ProtoGS: Efficient and High-Quality Rendering with 3D Gaussian Prototypes
This addresses the efficiency and quality trade-off in 3D Gaussian Splatting for novel view synthesis, enabling better deployment on resource-constrained devices, but it is incremental as it builds on existing compression methods.
The paper tackles the problem of 3D Gaussian Splatting requiring many Gaussian primitives, which limits deployment on lightweight devices, by proposing ProtoGS to learn Gaussian prototypes that reduce the number of Gaussians without sacrificing visual quality, achieving a substantial reduction in Gaussians and high rendering speed while maintaining or enhancing fidelity.
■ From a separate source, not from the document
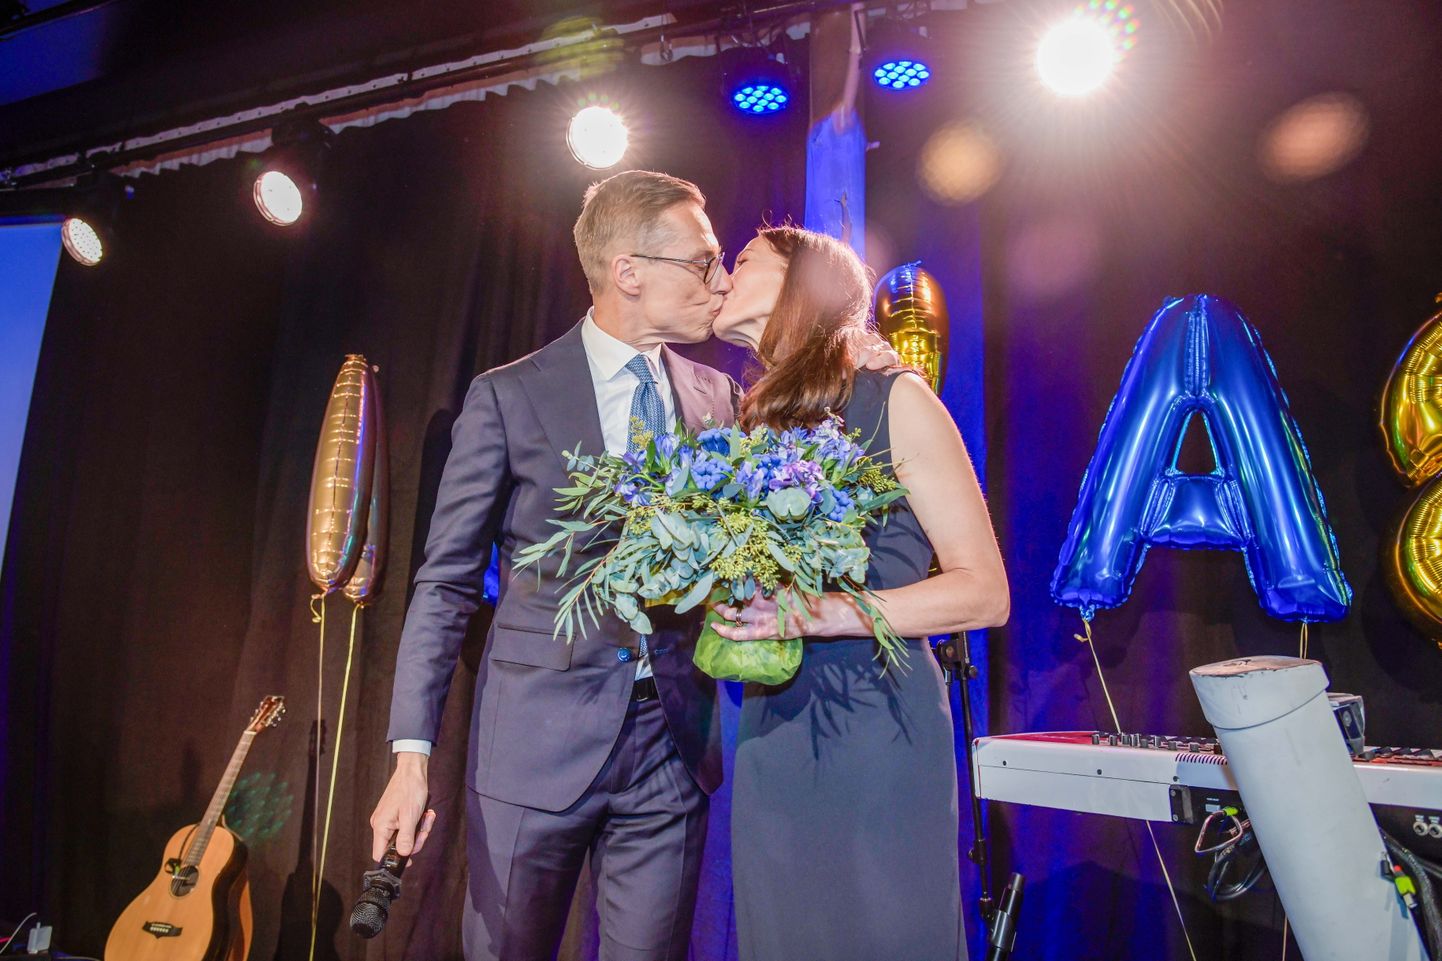 Soome presidendivalimised võitis Alexander Stubb, kelle ametiaeg algab 1. märtsil 2024. Pildil on näha Stubbi 11. veebruaril 2024 oma naist Suzanne Innes-Stubbi suudlemas.
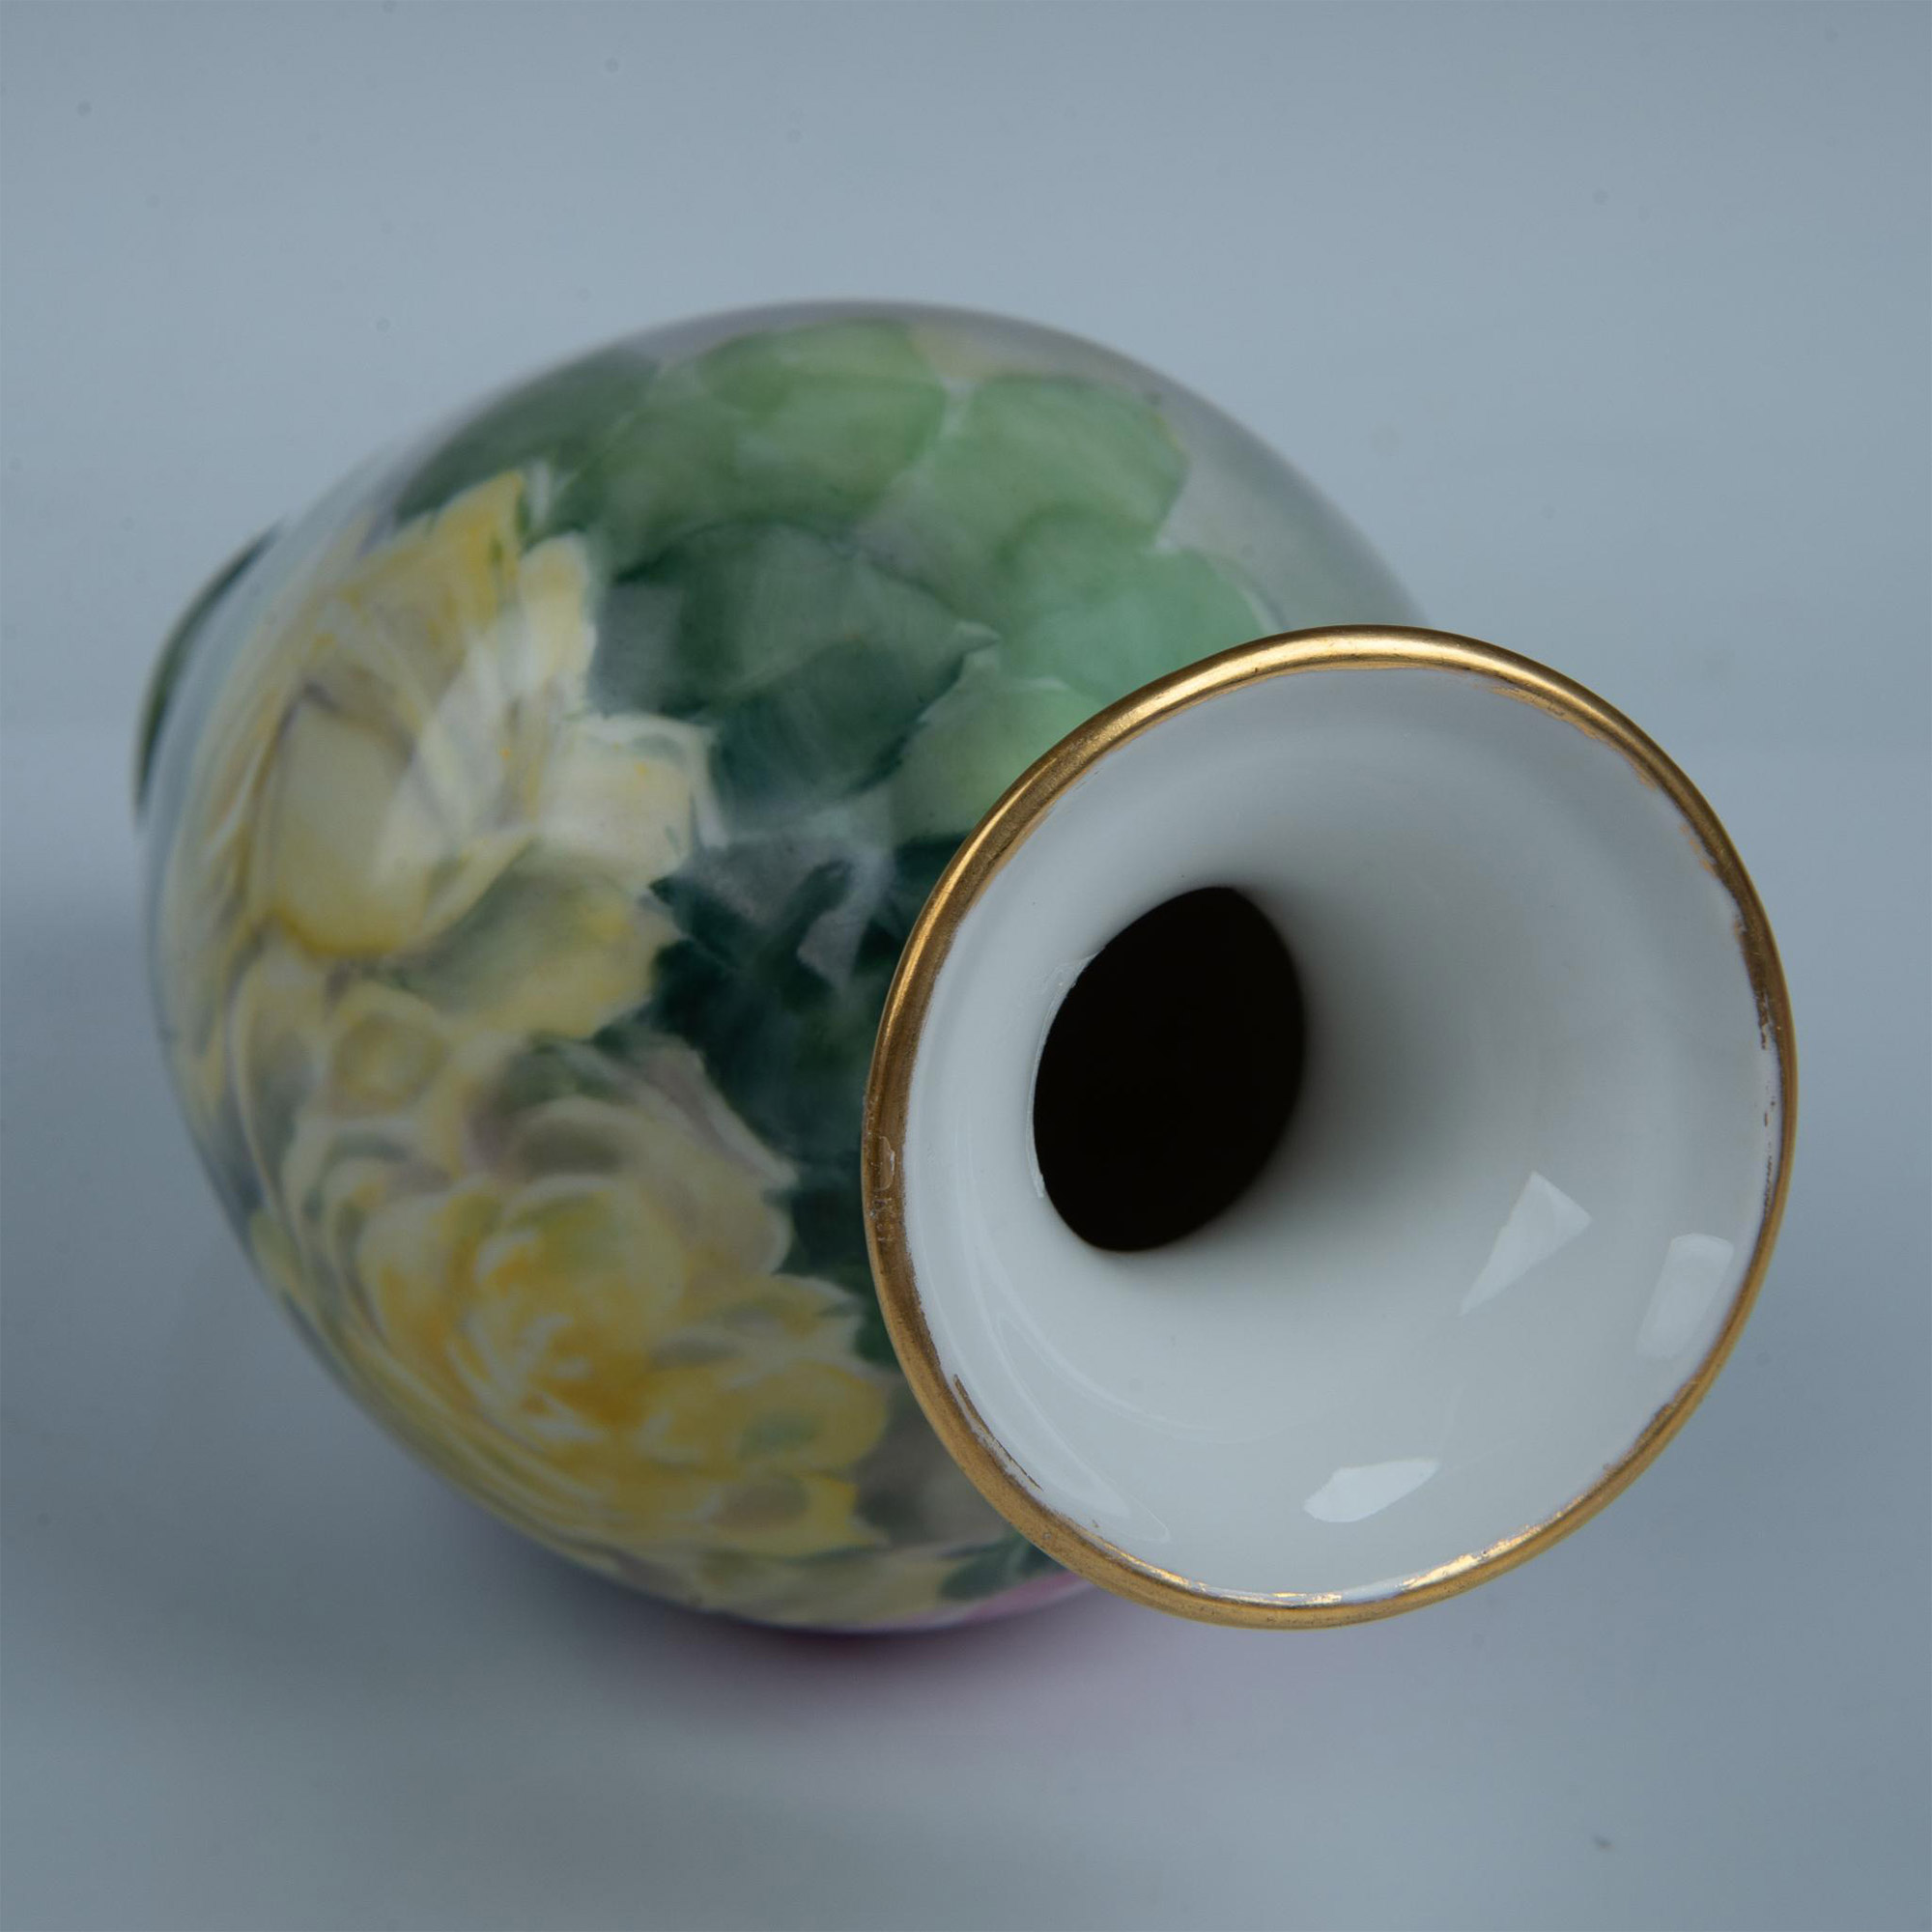 Tressemanes & Vogt by E.H. George Limoges Porcelain Vase - Image 5 of 5

3D Gaussian Splatting (3DGS) has made significant strides in novel view synthesis but is limited by the substantial number of Gaussian primitives required, posing challenges for deployment on lightweight devices. Recent methods address this issue by compressing the storage size of densified Gaussians, yet fail to preserve rendering quality and efficiency. To overcome these limitations, we propose ProtoGS to learn Gaussian prototypes to represent Gaussian primitives, significantly reducing the total Gaussian amount without sacrificing visual quality. Our method directly uses Gaussian prototypes to enable efficient rendering and leverage the resulting reconstruction loss to guide prototype learning. To further optimize memory efficiency during training, we incorporate structure-from-motion (SfM) points as anchor points to group Gaussian primitives. Gaussian prototypes are derived within each group by clustering of K-means, and both the anchor points and the prototypes are optimized jointly. Our experiments on real-world and synthetic datasets prove that we outperform existing methods, achieving a substantial reduction in the number of Gaussians, and enabling high rendering speed while maintaining or even enhancing rendering fidelity.